Finding the nearest neighbours means walking back up the tree until you get a node with more than one populated child and all surrounding nodes included (this ensures the query gets all sides).
From memory, this is the (somewhat naive) basic algorithm for sphere-cube intersection:
i. Is the centre within the cube (this gets the eponymous situation)
ii. Are any of the corners of the cube within radius r of the centre (corners within the sphere)
iii. For each surface of the cube (you can eliminate some of the surfaces by working out which side of the surface the centre lies on) work out (this is all first-year vector arithmetic):
a. A normal of the surface that goes to the centre of the sphere
b. The distance from the centre of the sphere to the intersection of the normal with the plane of the surface (chord intersets plane the surface of the cube)

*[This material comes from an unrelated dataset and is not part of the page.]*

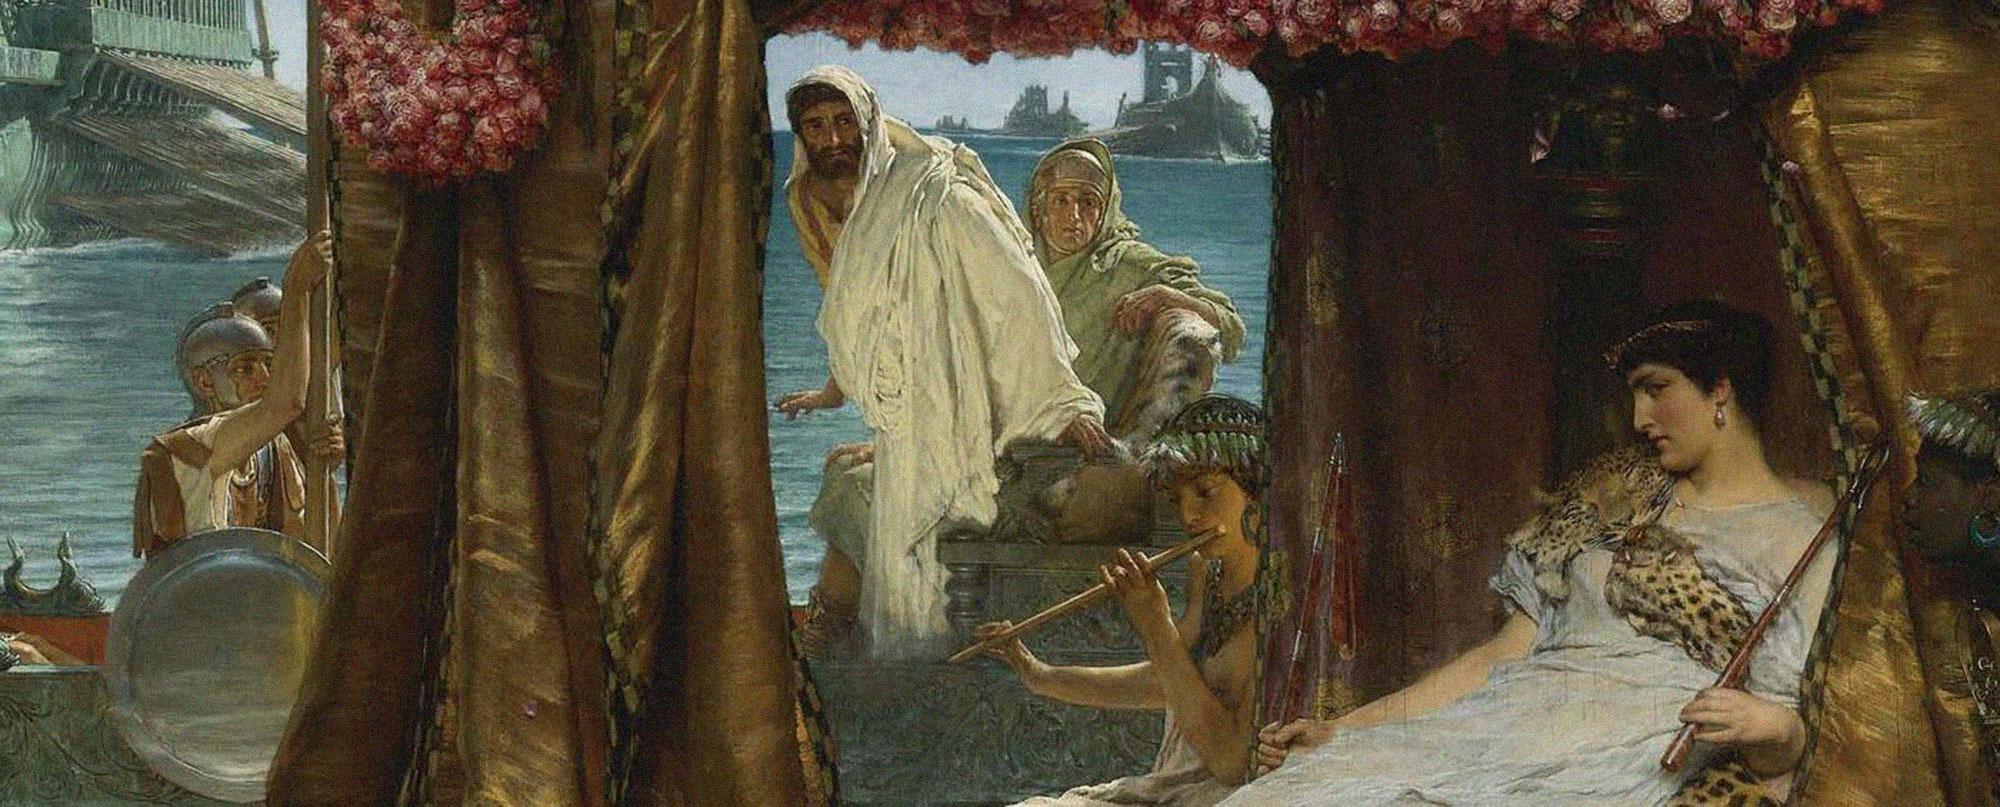 Sir_Lawrence_Alma-Tadema_-_The_Meeting_of_Antony_and_Cleopatra

c. Intersection of the plane lies within the side of the cube (one condition of chord intersection to the cube)
iv. Calculate the size of the chord (Sin of Cos^-1 of ratio of normal length to radius of sphere)
v. If the nearest point on the line is less than the distance of the chord and the point lies between the ends of the line the chord intersects one of the edges of the cube (chord intersects cube surface somewhere along one of the edges).
Slightly dimly remembered but this is something I did for a situation involving spherical regions using an octee data structure (many years ago). You may also wish to check out KD-trees as some of the other posters suggest but your initial question sounds very similar to what I did.